True these figures bear little relationship to ‘real’ life anymore than the feature on the ten best trolley suitcases does to normal travel. The recommendation (in the daily Independent – Britain’s second best newspaper after The Guardian) homes in on a suitcase selling at 2,500 pounds or 5,000 dollars, an amount that would pay for most peoples’ holiday, not their in-flight luggage.
So let’s forget the zillionaires. It is too much like trying to work out a light year when we know that light travels at 186.000 miles a second. I’d get lost after a minute. Down to basics, food, transport, clothes, utilities like heating, or filling a car with petrol. In a Chiang Mai market or supermarket I reckon that most things cost a fifth or sixth of those in my town of Bournemouth. This would change drastically if one compared rural Thailand with London.
So to be even more basic, a figure to make ones eyes water, a small packet of chillies (sold in plastic since they are too light to weigh) costs about 75 pence or 60 baht. The contents of five or six small chillies would make a Thai respond in disbelief.

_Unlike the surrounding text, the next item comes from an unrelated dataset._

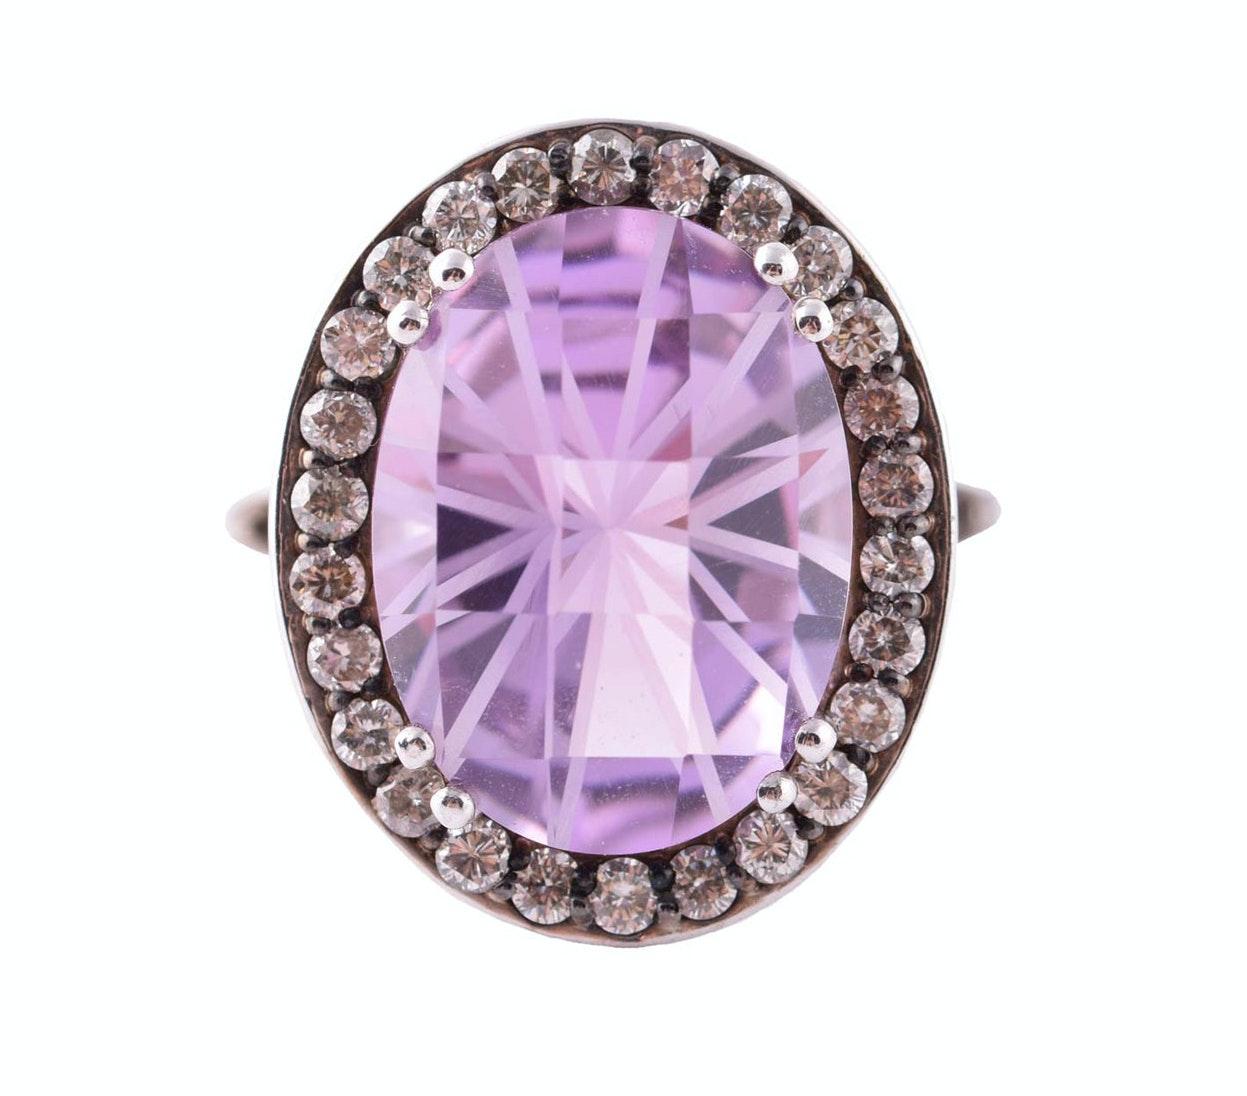 Fine Jewelry, Home Furnishings, Fine Crystal & More

The same response would come from anyone hoping to buy a new condo or even a studio where at he top price is quoted at 17,000 pounds a square metre. The problem here is that the trickle down effect means that the average price of a property in the U.K. is now 180,000 pounds. As I said multiply that by 67 and you have a rough baht figure.

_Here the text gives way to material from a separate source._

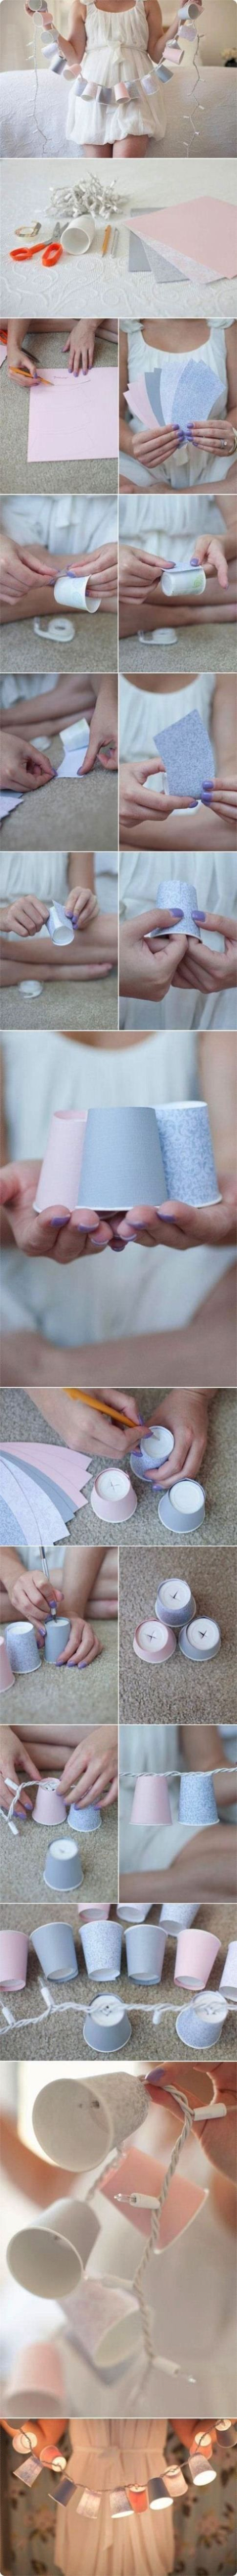 DIY :: Decorative Paper Cup Light Shade

None of this takes account of comparative earnings and other differences but simply illustrates the problem of those on fixed incomes or savings. Whether it is Seattle or Southampton, Barcelona or Berlin the difference in living costs between there and Chiang Mai remains phenomenal.
Last week I mentioned some musical events in the U.K. and locally and at the risk of incurring the wrath of Oscar Wilde who said, ‘Consistency is the last refuge of the unimaginative’. I’ll close by returning to that subject in the context of a newly announced event. Barbra Streisand has just agreed to return to the U.K. after a long absence. Her show will be given in London’s largest venue (where else you might wonder could contain her ego) and should you wish to attend and occupy the back rows where the ageing superstar will be a mere speck on the horizon the cost is 100 pounds. The top price is five times that.
Sure you will see something that is unlikely to be repeated in London and even less likely in Bangkok. I wonder though whether anyone would be able to contemplate paying 33,000 baht for two hours entertainment in a country where the minimum wage is under 200 baht a day. It is pretty mind blowing in a country where the minimum wage equates to 350 baht an hour. It is truly a funny old world. Perhaps the person who said that was the same one who coined the phrase laughing all the way to the bank.